The Aiken study from JAMA in 2002 is worth a look... She addresses nurse-patient ratios.
Managed care and the way our health care system works today isn't doing nurses or patients any favors as far as staffing.
ok, when floated (I don't do this regularly(((disclaimer))), when I give 'em a quick I'm so and so... I'll be in shortly I ask them if they need anything. I write it down on my assignment sheet I make. I check vs. pull my meds and grap the requests.. pain meds, snacks.. look up labs.
So I then hit each room with the vs known, do the assessment, pass the meds.. a bit of teaching as I fluff and puff being friendly but always moving.. checking IV dates, tubbing dates, dressings....talk, teach and do all at once. BEFORE I leave the room, I explain I'm moving on to the other patients and ask what else I can do to make them comfortable.
(seems crazy when you're busy... have 6 more to see.. but I swear... settle them in now why you're there and get it done so you can move on and be interrupted as little as possible).

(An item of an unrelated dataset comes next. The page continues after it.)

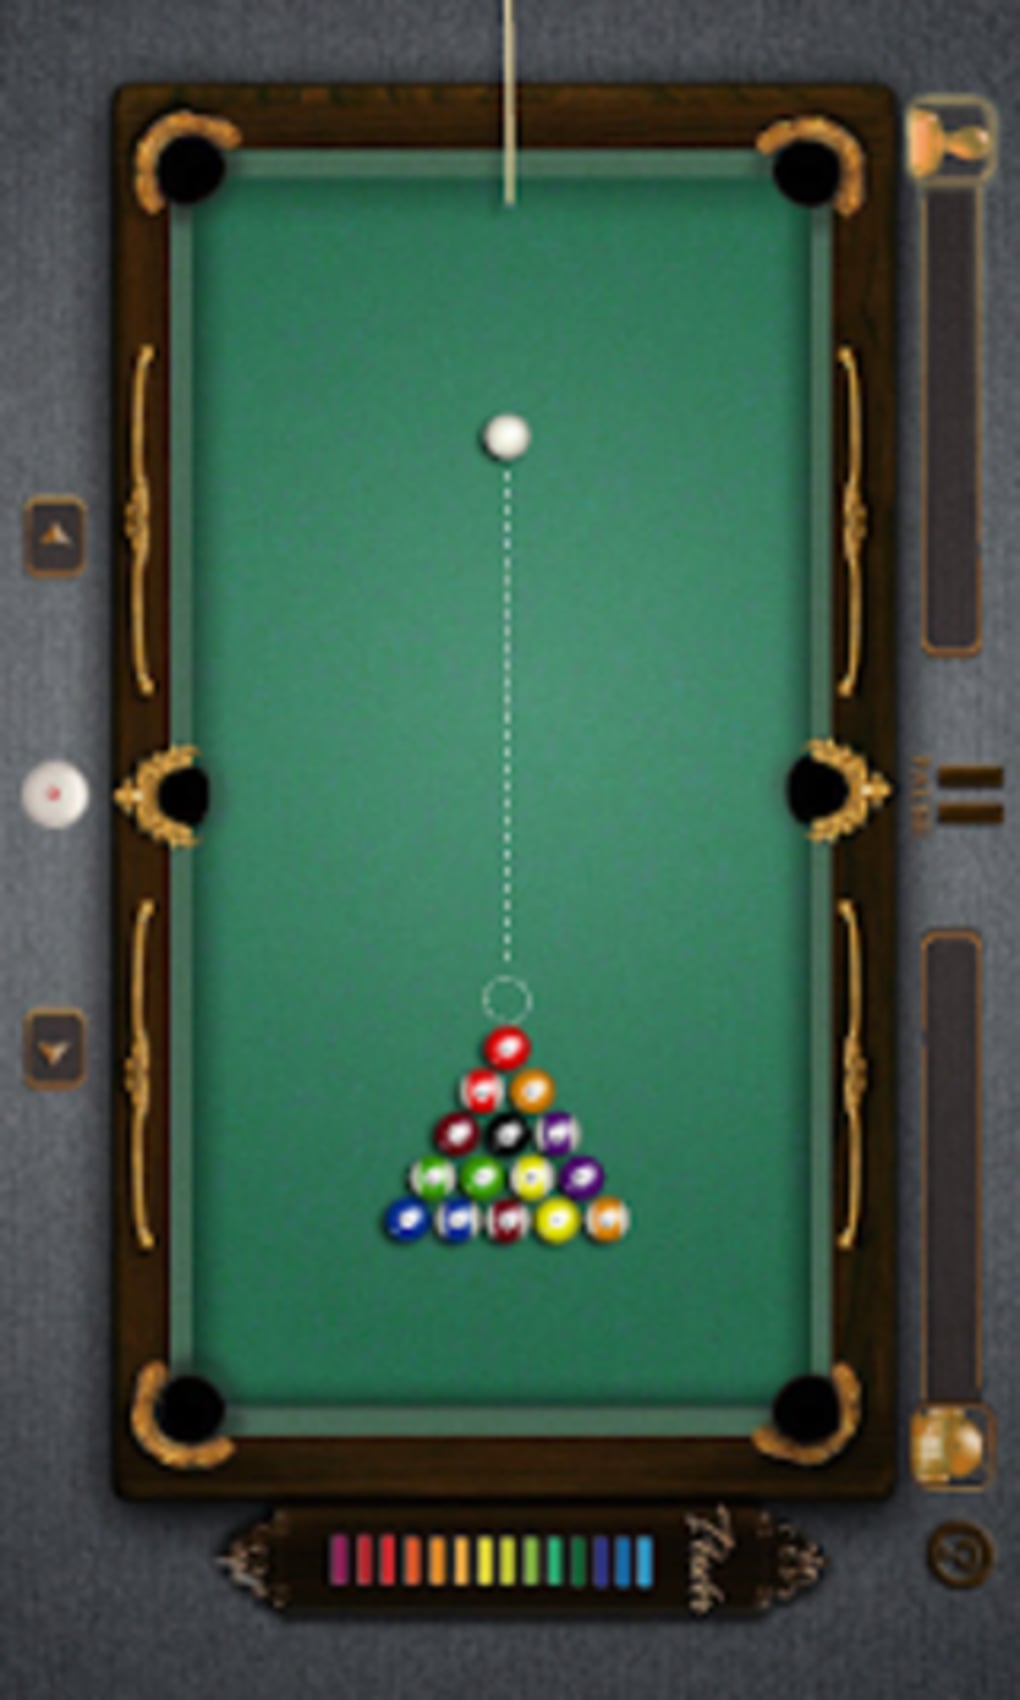 Bilhar - Pool Billiards Pro - Download do APK para Android

family grabs you in the hall during med pass. Smile and let them know that you will be busy for a bit providing meds and treatments and want to give their concerns you full attention AFTER your meds have been passed. (Yep some are angry and have been put off all day... here you can try for a few moments and then say... let me bring my charge nurse in to help address your complaints. Now I will finish my med pass and then check back in to make sure your needs have been addressed.
yeah I know, ideal... but when it works 60% or more with these problem people... usually more... you're back on track... family is at least listened to. Usually family just needs TIME with SOMEONE as the docs stop in so briefly.
lastly... take that deep breath in and out before you enter each room and pass meds. The patient needs you to be calm, not in hurry and needs their meds correctly... even though you want to scream "shut up I have to go to the next room"... exude... calm.... it's catchy.
Not meant to be preachy at all, just a few suggestions that may help at least some of the time.
thats a LOT of patients. I swear, if you slow down you will be more efficient. best of luck... it will get easier, promise.
Gosh 7 patients is a lot of patients. The way to get through is to priortise your care and document as you go through. Decide what needs to be done immediatly and what can wait. Try not to allow the patients to manipulate you, be firm but kind.
Focus in on certain 'tasks' ie.
Get organised with pain meds I find if you have a pt who is frequently medicated, medicate them it takes so little time-but if they are constantly using the call light it becomes stressful for you and you will lose focus.
Ask for help should you need it, a more experienced nurse may well have a little time to help, just because they dont offer doesnt mean they wont help, sometimes nurses dont want to step on each other's toes.
Remember just practice safely and a smile will get you a 10 min reprive from a lot of pts.